但這也更加證實了青役的想法,這個選手絕對有必要爭取!
青役依舊沒有行動,仍舊躺在牀上休憩,他知道現在自己已經被搶先一步了,就算自己現在真的以最快速度趕到指定地點,說不定正好能撞見陸天俊與那位選手的交談,到時候只會更加尷尬。
不如晚一點去,後發制人,無論陸安俊條件開的多誘人,想必那位選手也不會馬上籤約。
最關鍵的是,青役現在真的很困,要知道,職業選手的一天可是從中午開始的。
......
夜幕降臨,馬尼拉市繁華璀璨,號稱亞洲紐約的它正爆發出國際大都市的夜生活魅力。
跟隨導航走到了指定的地點,青役愣住了。
這裡是中央商務區,高端的住宅公寓樓地段,能在這裡安家的家庭收入往往非常可觀,與青役想象中的菲律賓家庭有很大出入。財富決定一個人的眼界和開明,能住在這種地方,有國際視野的家長應該不會阻撓孩子進軍職業電競纔對。
不再多想,進入電梯搭上25層,按響2506的門鈴,房門很快就打開了。
“你好,是躍神嗎?”開門的是個相貌標緻的男性年輕人,還在讀大學的樣子,皮膚是東南亞華裔特有的古銅。“我是要去您隊伍裡打職業的那個人的哥哥。
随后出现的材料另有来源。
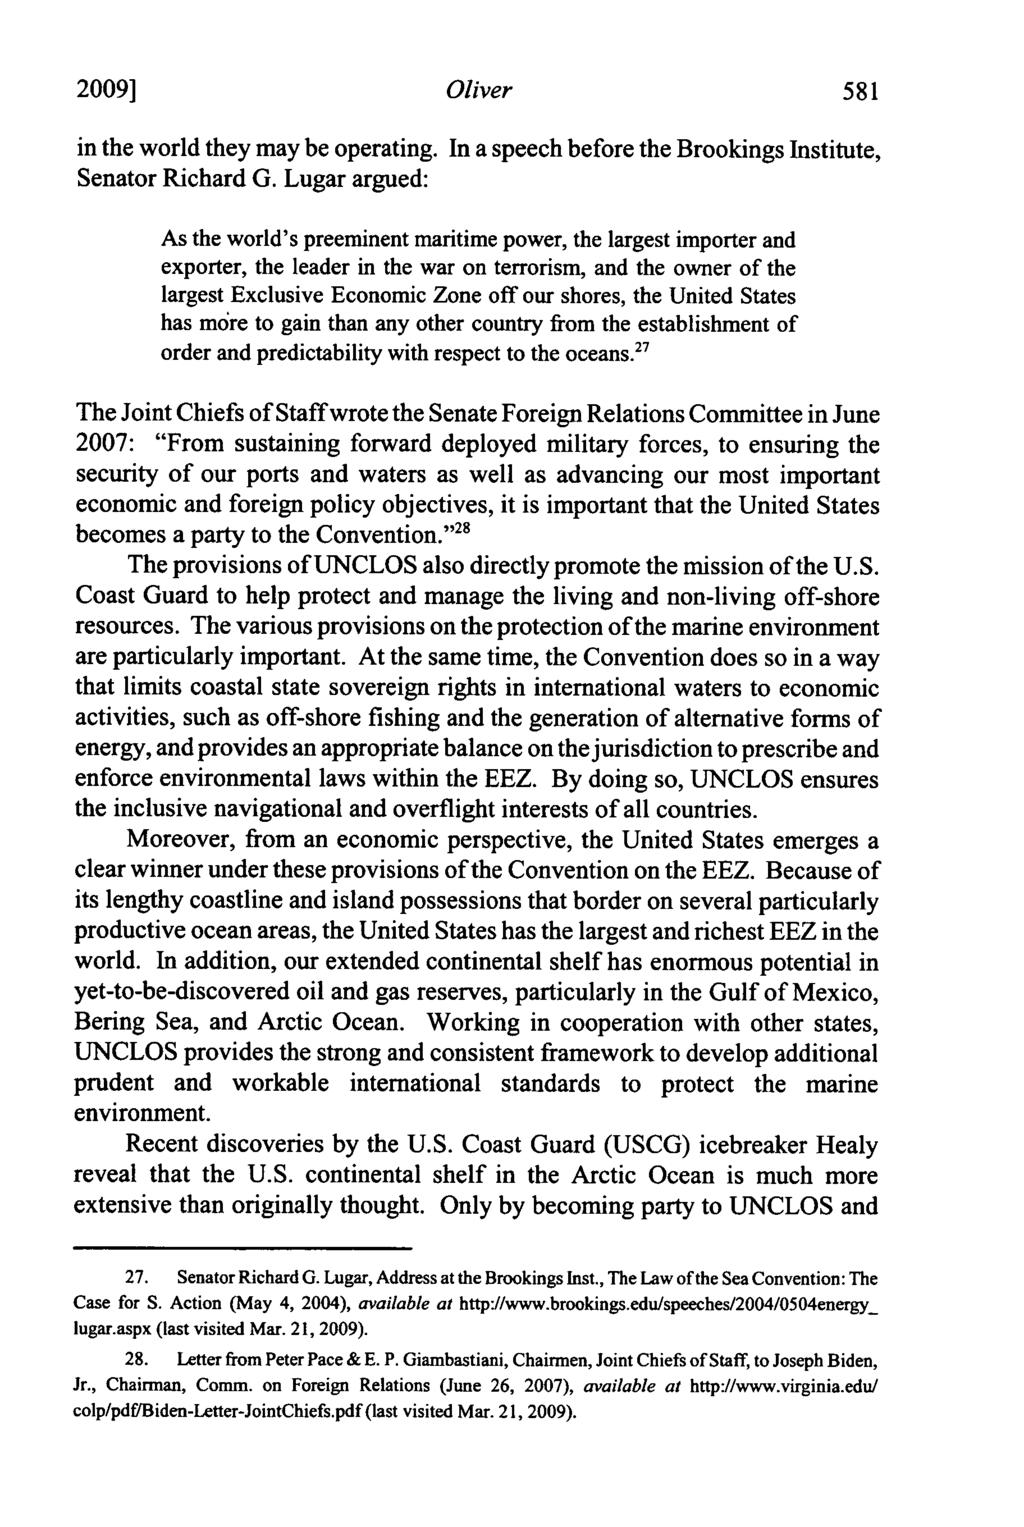 2009] Oliver in the world they may be operating. In a speech before the Brookings Institute, Senator Richard G.

”
“你好你好,我很欣賞你弟弟的天賦,覺得他是個可造之材。”大方地握手和寒暄之後,青役也走進了屋內。
在進軍電競職業圈的道路上,哥哥往往是弟弟最堅實可靠的一盞路燈,在國內就有長兄貼吧發帖,推薦弟弟打職業的佳話。
“能讓我見一下你弟弟嗎?”必要的寒暄過後,青役問。
年輕人忽然面露難色:“其實被您看中的這個人,不是我弟弟,是我妹妹,一個女孩子。”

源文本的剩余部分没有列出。